DG-Implementation-Features-PP-Sequence

Note:

The lifeline on the left represents the calling method that requires a formatted string. The printMethod() is a placeholder for any of the printing methods of Ui class. The call to System.out.println is omitted. Minimal notation is used for the return of control to the calling method.

The offset parameter specifies the number of characters already printed on the line before the target string will be printed.

prettyPrintFormatter() places as many words as possible on each line until the next word does not fit within the usableLength of the current line. This word is therefore placed on the next line and the process repeats until all the words have been formatted into the response. If the length of a single word exceeds the usableLength, the word is split across multiple lines to prevent the program from looping infinitely as it would never be able to fit the word on any line.

Take note that infinite loops can still occur if prettyPrintFormatter() is called with offset >= lineLength

Tags for grouping and searching decks

The purpose of this feature is to provide a means to group the decks based on their subjects and search for relevant decks related to one or more relevant subjects in a robust way. Each created deck will be tagged to their respective field.

DG-Implementation-Features-TagArchitecture

The user can also modify the tags of the decks by using tag or untag command, and use search by tag to find a group of decks he/she is interested in.

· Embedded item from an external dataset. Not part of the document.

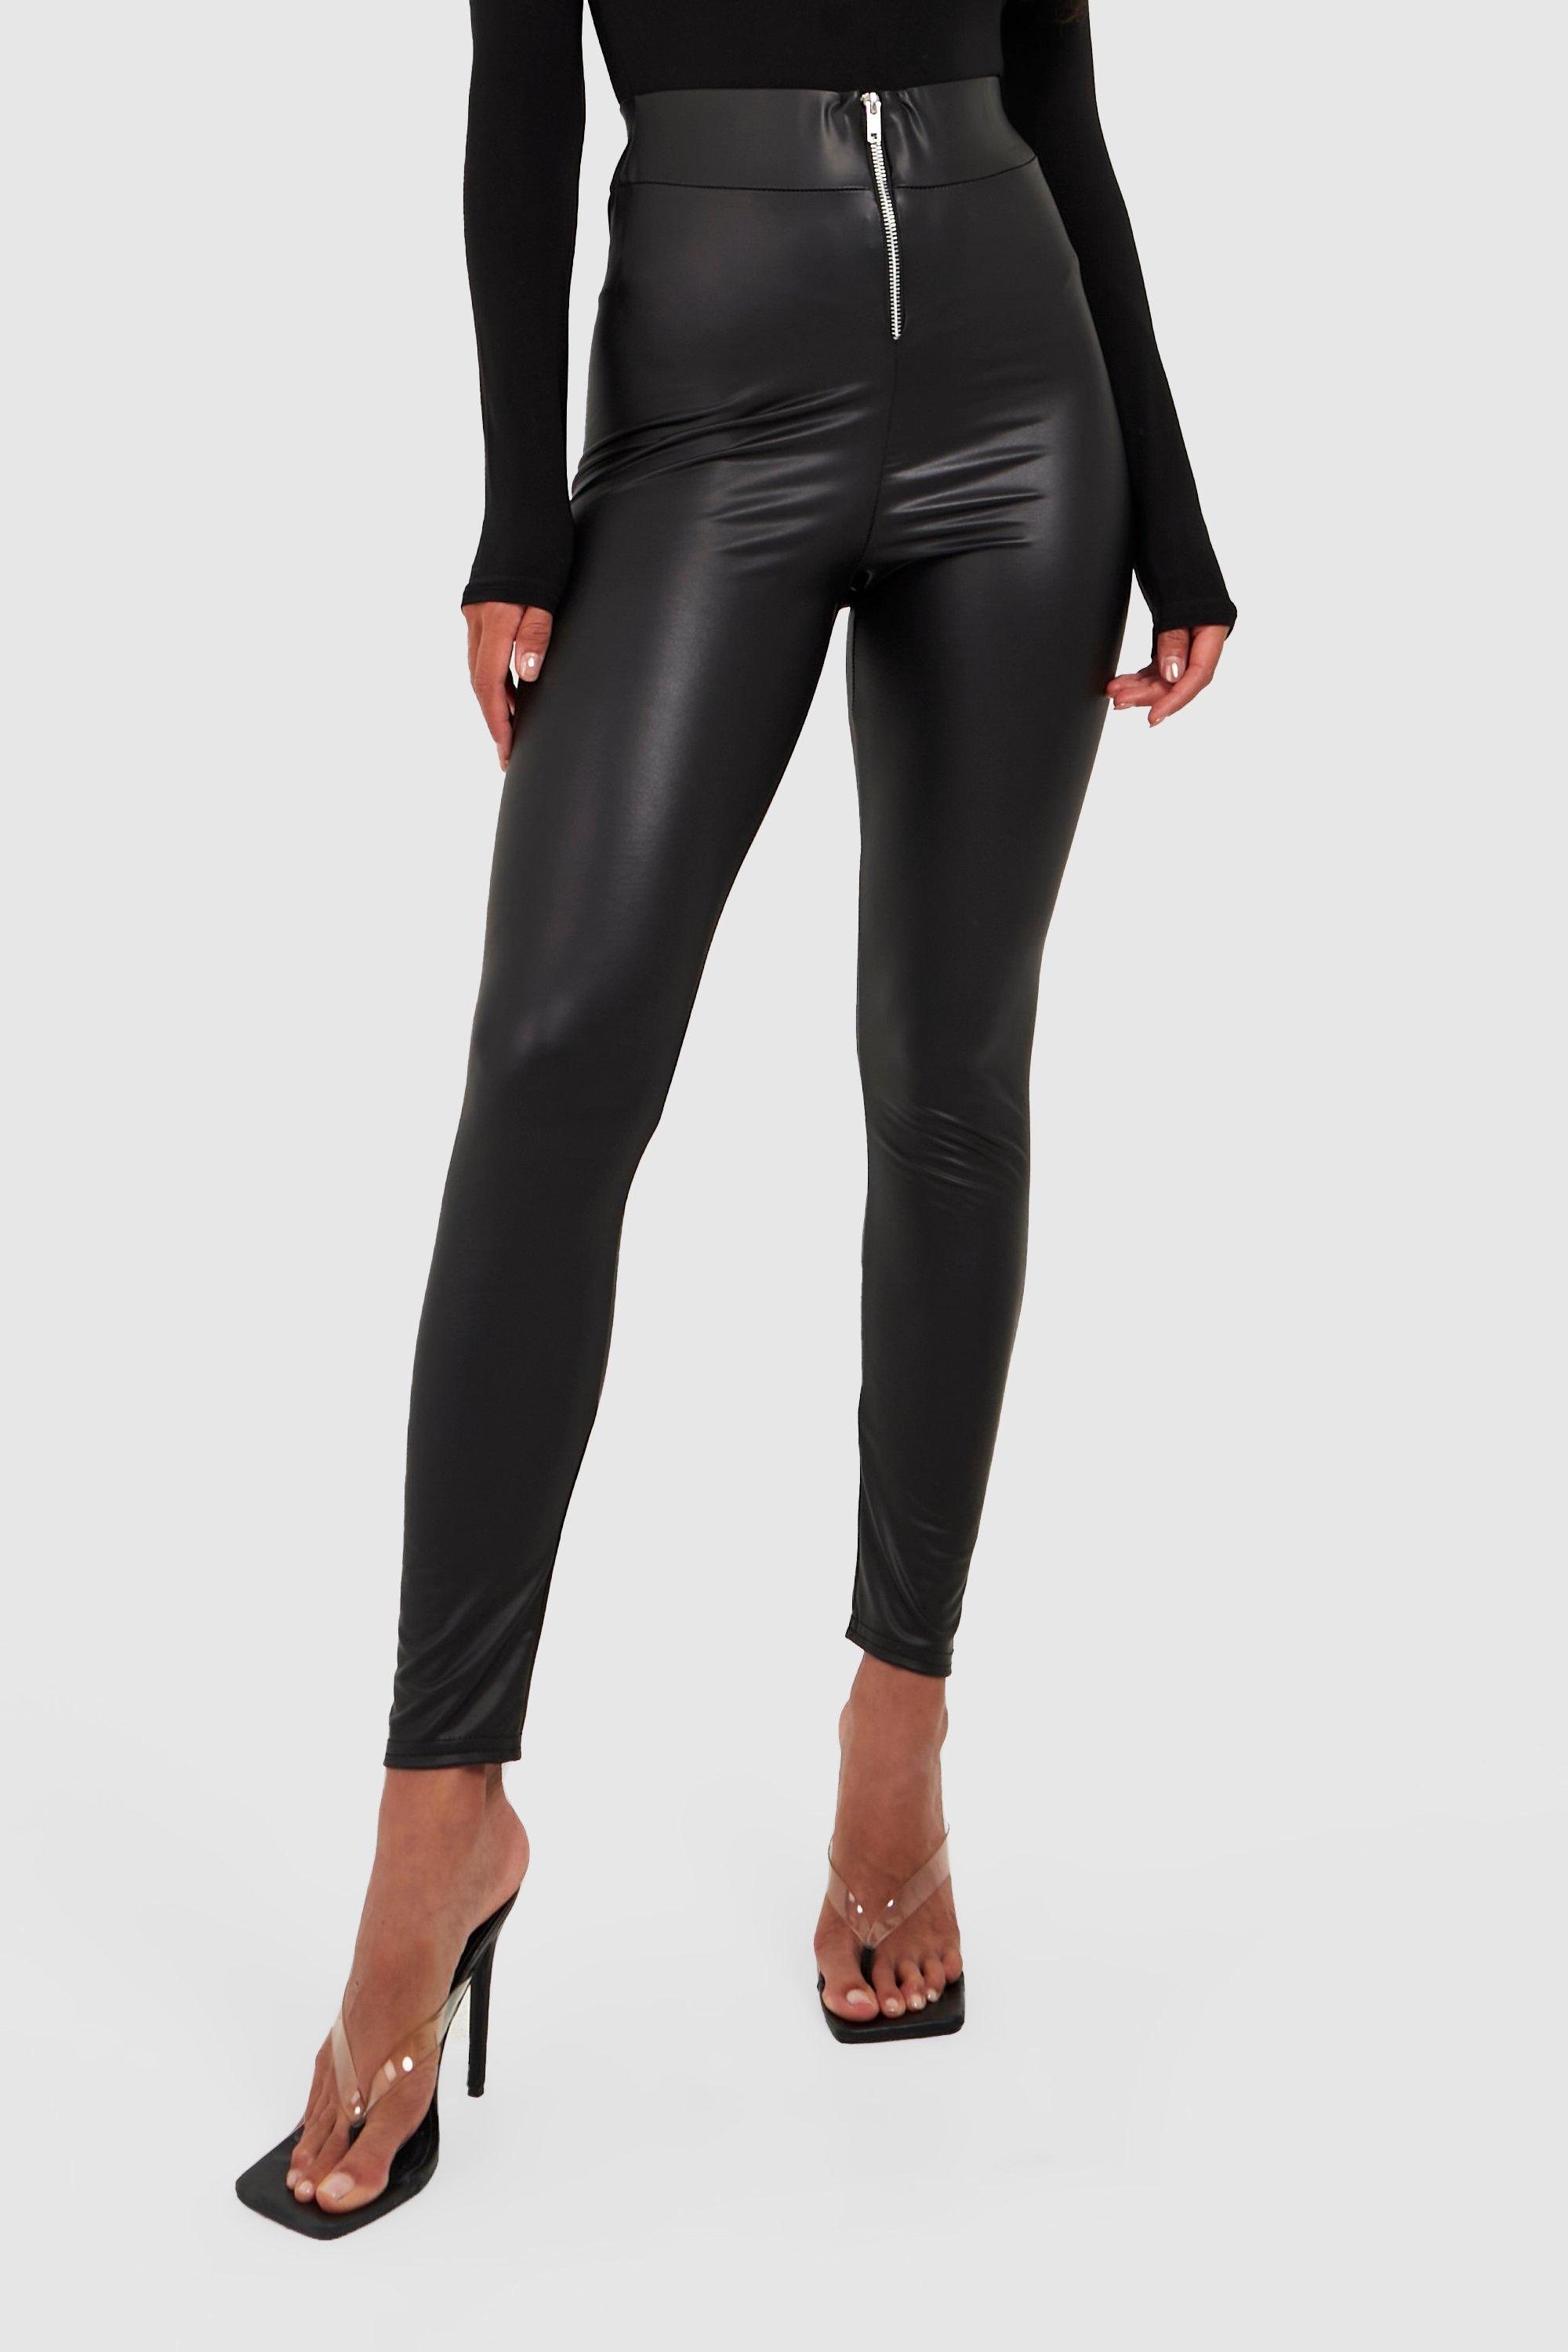 https://media.boohoo.com/i/boohoo/dzz05337_black_xl_3/female-black-zip-front-shiny-leggings

DG-Implementation-Features-TagSequence

Game Mode

eCardnomics’ quintessential mode. Game Mode can be started from either Normal Mode or Deck Mode. The start command is parsed by NormalParser (see Commands).

General Architecture

Game Mode contains two main components: a storage component, GameStorage, and a logic component, GameEngine. The former handles all data structures used by Game Mode, and stores the original deck (originalDeck), question pool (deque), and retest question pool (retestStore). The latter executes the main game loop (runGameLoop ()), and interacts with GameStorage on package-private basis; i.e., GameEngine and GameStorage have full mutual access as if they were a single class. This is one of the main intentional design decisions.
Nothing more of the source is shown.